When walking down the streets of San Francisco on a weekend night, chances are good you’ll stumble upon Amandeep Jawa. Chances are even better, that, once you’ve found him, he’ll be wearing sparkly blue spandex disco pants while loosely swinging his hips to a Michael Jackson song a few feet away from his MacBook Pro.
Jawa, who prefers to be called Deep because, as he says, he’s too lazy for three syllables, wears those ridiculous looking pants with such implicitness and pride that it’s hard to imagine anyone ever having the indecency to find his appearance comical.
The 40-year-old amateur street entertainer/DJ, whose parents are Indian but who grew up in Fayetteville, North Carolina, came to San Francisco in the early 2000s to work for Apple on iTunes as a software engineer, and immediately fell in love with the city and its open-mindedness.
Defining himself as an “eco-lefty,” Jawa never misses an opportunity to let it be known that he is proud to be able to call San Francisco his home. But it wasn’t until the fall of 2005 when he got the idea for his flash dances from a Halloween costume he made for himself – a giant disco ball. He said it was the most fun he’d ever had during any Halloween, because wherever he went people started dancing around him. A few months earlier he had visited Paris, where Jawa had stumbled upon a “free, open-air salsa dance party” on the river Seine.
Both these experiences combined led to him gathering up his courage for his first flash dance event on a Tuesday night, on November 22nd, 2005. Contrary to his fears, his first flash dance was a full on success, and throughout the night about 75 people showed up, according to Jawa. Since that first event, five years have passed, and no end is in sight. Jawa says that his mailing list currently consists of over a thousand people.

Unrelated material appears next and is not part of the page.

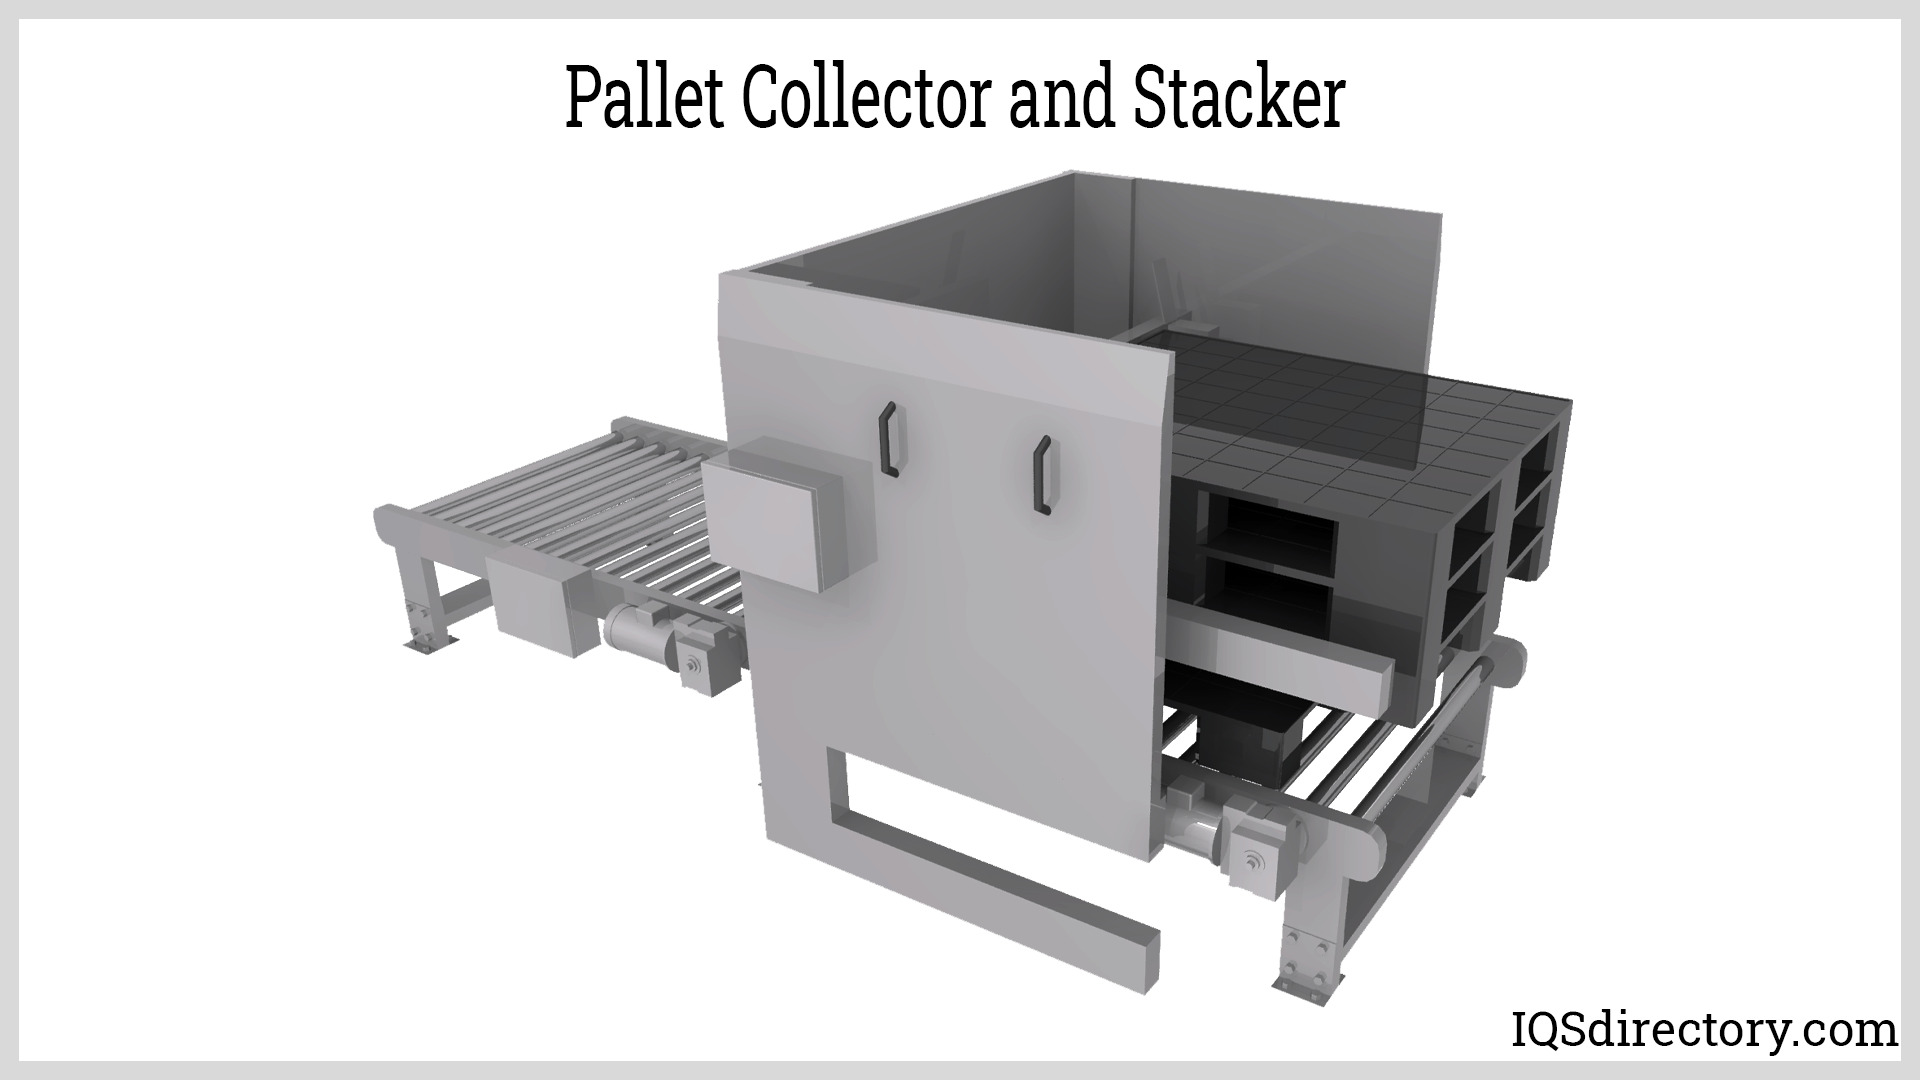 Pallet Collector and Stacker

Jawa didn’t invent flash dance, which is considered a step up in the evolutionary ladder from the flash mob, a random public gathering event that is widely accepted to have been invented by Bill Wasik, a senior editor of the Harper’s Magazine in 2003. The term ‘flash dance’ describes random street dance gatherings like the one Jawa organizes regularly. He often times manages to get somewhere between 80 to a 100 random strangers to dance to his choice of music simultaneously.
Those who’ve been to one of his flash dances are able to confirm that it is hard to miss Jawa’s love for the past decades of pop music when seeing him choose his next Mariah Carey song in his glittery, sparkling disco outfit that stands in stark contrast to his horn-rimmed glasses, bald head and goatee beard on top of his dark skin. It’s a fascinatingly inspiring look that serves as proof for any theory saying that looks are secondary and self-esteem is all that really matters.